### Scaled dot-product attention

Purpose of self-attention is enrich the input features. In sequential data, in addition to individual data elements, the relationship amongst them carry a lot of information. This relationship is commonly called as the context. In a sentence "premature optimization is the root cause of all evil", the famous Donald Knuth quote, the word evil is better understood from the context of "premature optimization".

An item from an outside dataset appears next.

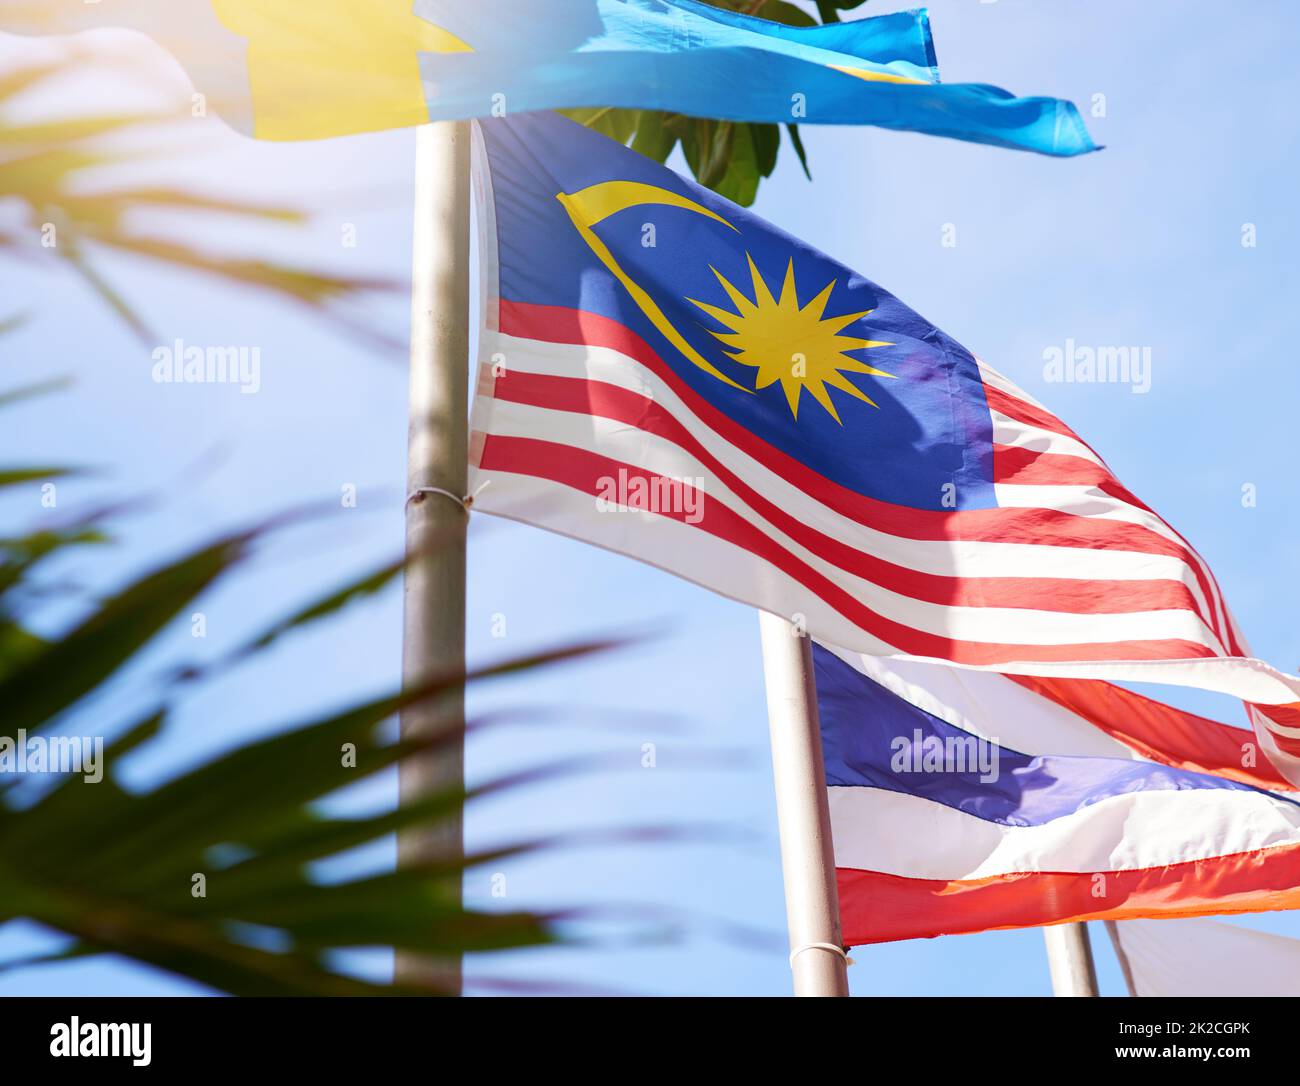 Envolez-vous haut, envolez-vous avec fierté. Photo d'un drapeau malaisien et thaïlandais soufflant dans le vent. Banque D'Images
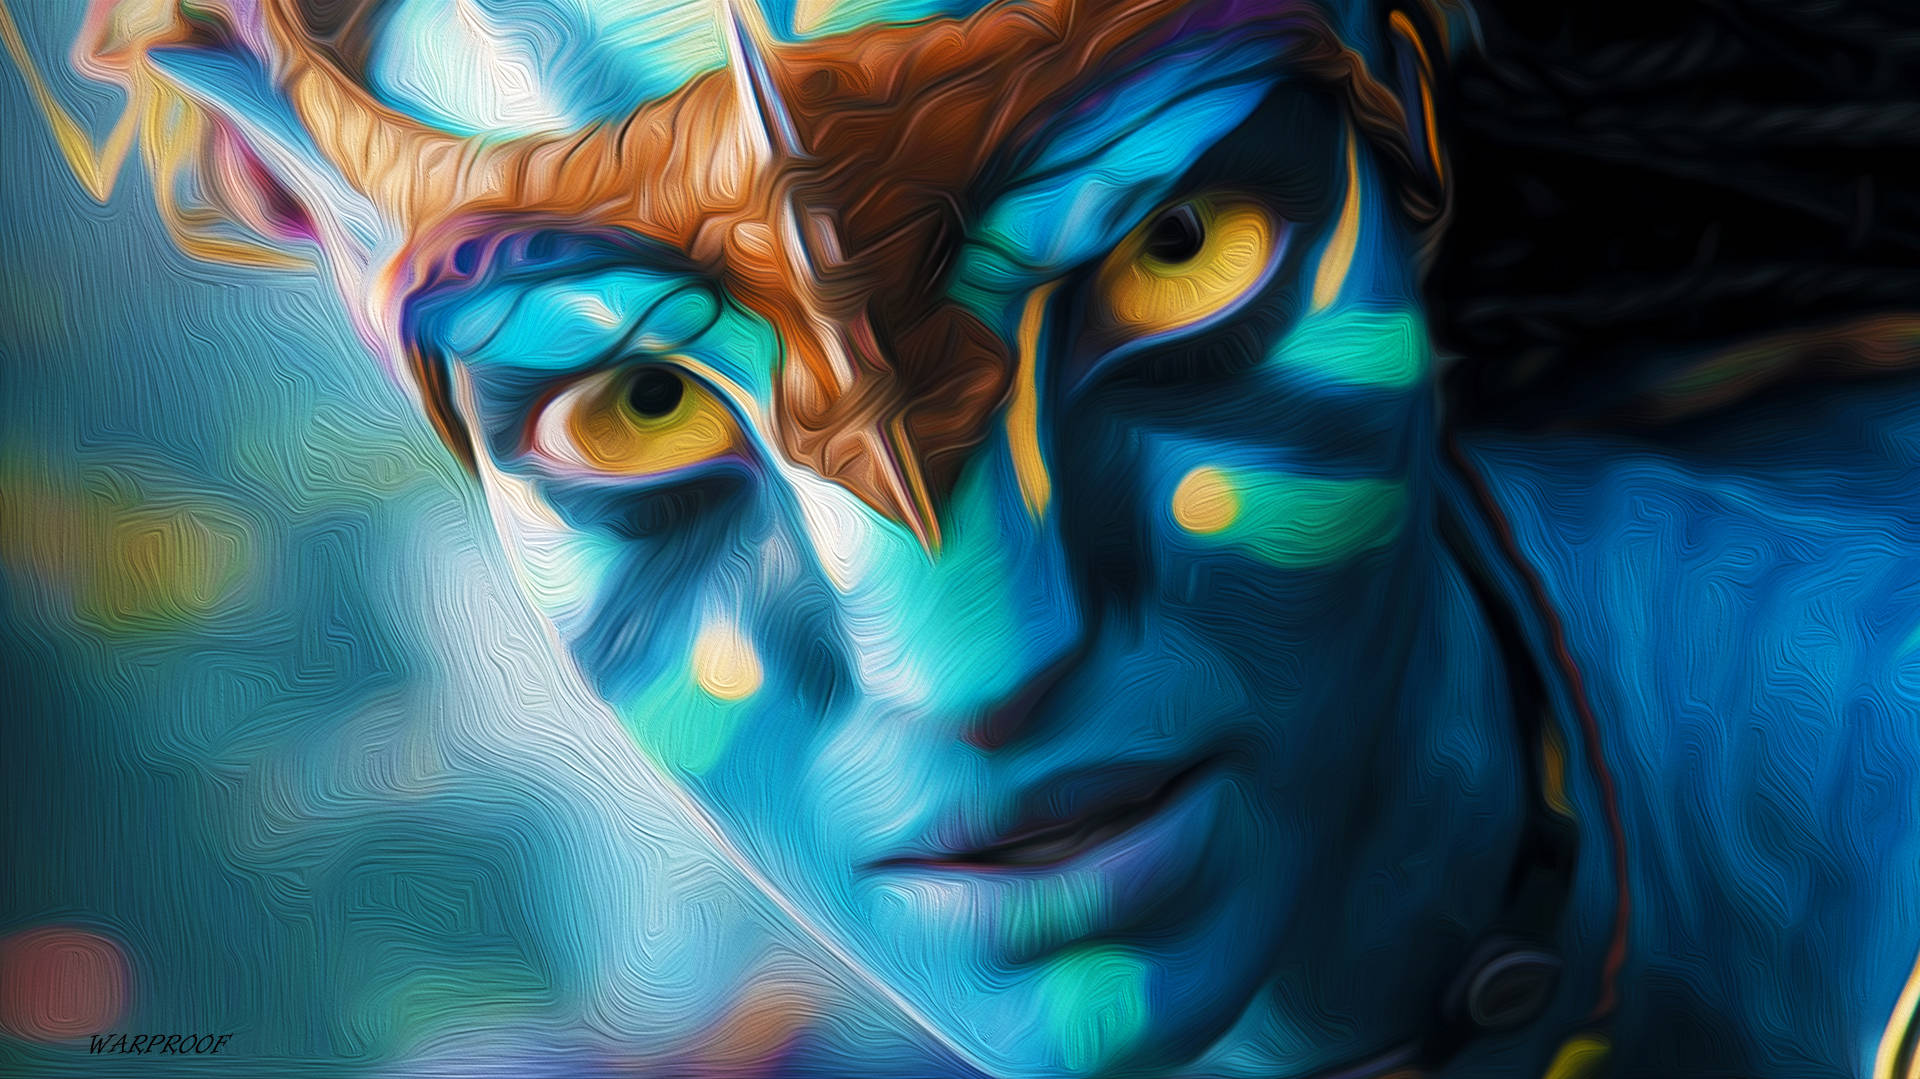 Avatar Neytiri Digital Art Background

The context information is calculated using the dot product of input.


In [39]:
import numpy as np

SEQ_LEN   = 5
EMBD_LEN  = 10

# input matrix
x = np.random.normal(size=(SEQ_LEN,EMBD_LEN))

# dimensions of q,k and v 
q_d = k_d = 20 # dimension of query and key weights
v_d = 25       # dimension of value matrix weight

# weight matrices
wq = np.random.normal(size=(q_d, EMBD_LEN))
wk = np.random.normal(size=(k_d, EMBD_LEN))
wv = np.random.normal(size=(v_d, EMBD_LEN))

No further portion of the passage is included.